Spook was actually used by black people to refer to white people, presumably on the notion of “white” ghosts.
spook n.
[SE spook, a ghost]
- (US black) a white person.
- 1939 [US] P.E. Miller Down Beat’s Yearbook of Swing n.p.: spook: a white musician.
- 1944 [US] D. Burley Orig. Hbk of Harlem Jive 19: Us young homes, and lanes and hipstuds, gray and fay, and spook and spade.
(Green’s Dictionary of slang)
As for its usage about black people, Etymonline suggests that:
The derogatory racial sense of "black person" is attested from 1945, perhaps from the notion of dark skin being difficult to see at night.
The following article from the Newsweek.com has an interesting story on how the term spook was initially used to refer to black people:
According to Merriam-Webster, the word "spooky" is defined as, "relating to, resembling or suggesting spooks." A further break-down of "spook" gives way to the meaning, "ghost, specter" or "an undercover agent: spy." But the Dutch word describing apparitions, which first came into use around the 19th century, took on a more sinister meaning around World War II, when white American soldiers started referring to their Black counterparts as "spooks."

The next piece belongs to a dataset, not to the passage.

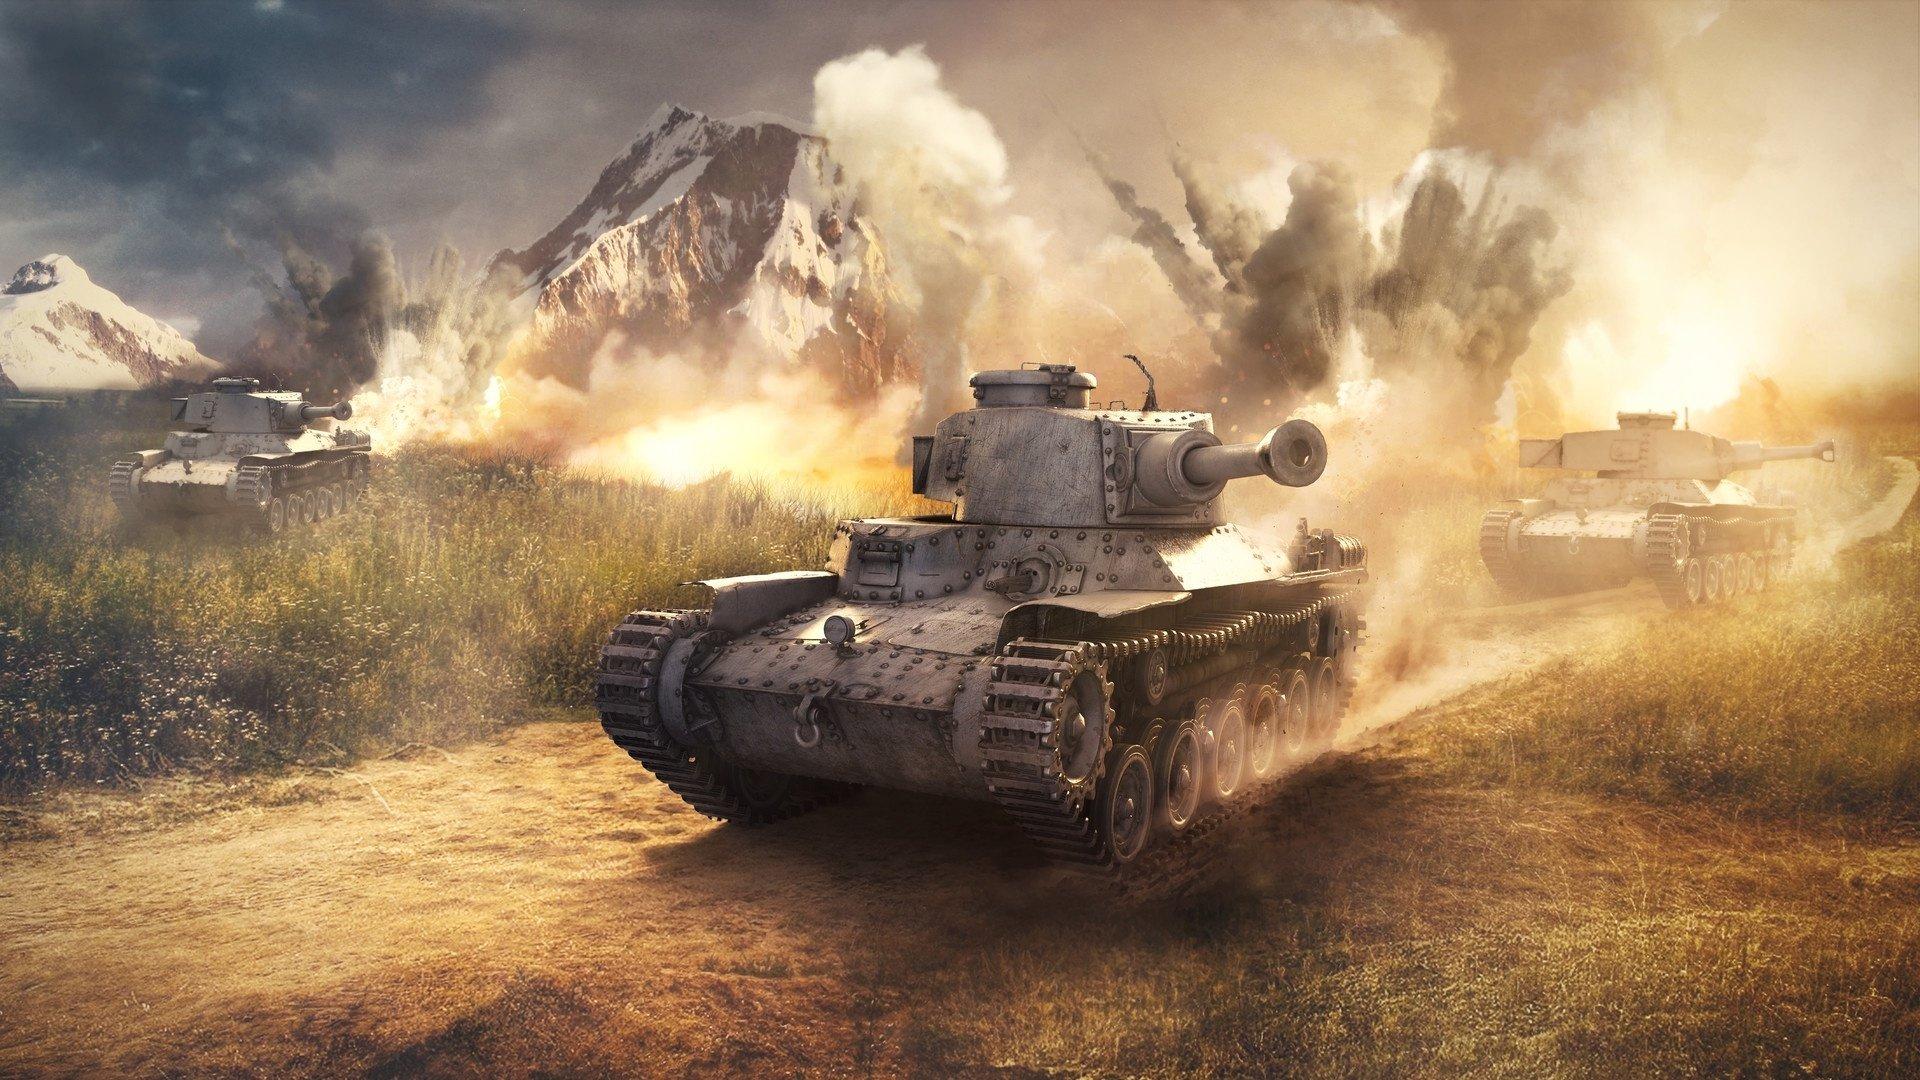 War Thunder HD Wallpaper | Background Image | 1920x1080 | ID:882784 - Wallpaper Abyss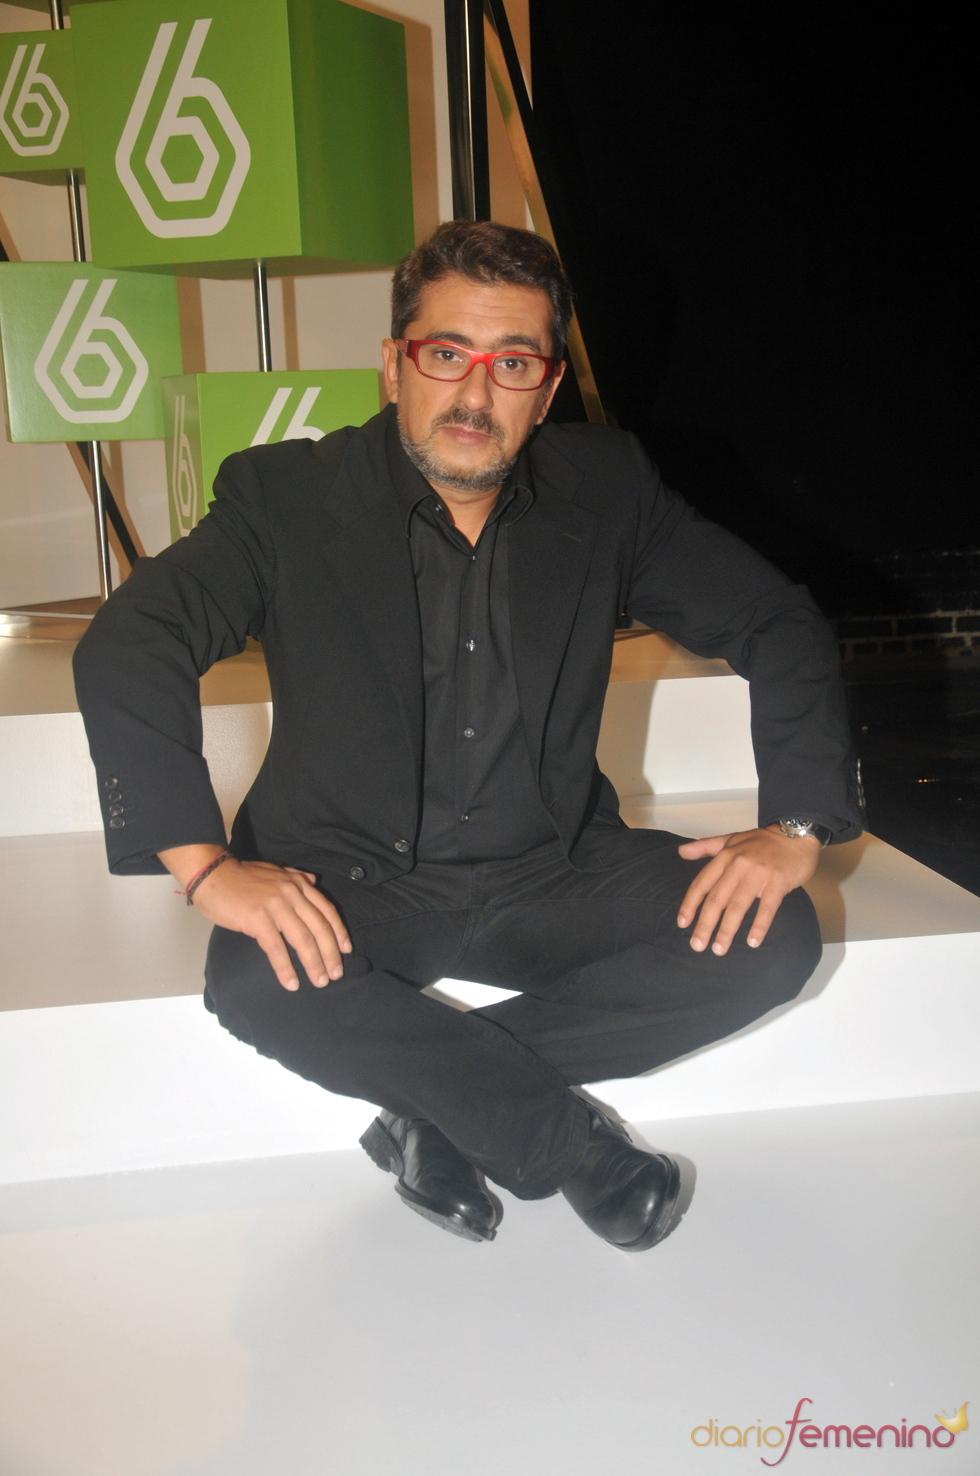 El presentador de La Sexta Andreu Buenafuente

Originally, pilots of the Tuskegee Institute—derived of the first Black military aviators in the U.S. Army Air Corps—were called the "Spookwaffe"—a play on the German term "waffe," which means weapon or gun. When airmen returned from their posts with the nickname, white Americans caught wind of the name and began linking the term "spook" to blackness, thus resulting in the word transitioning into a racial slur and its derogatory use.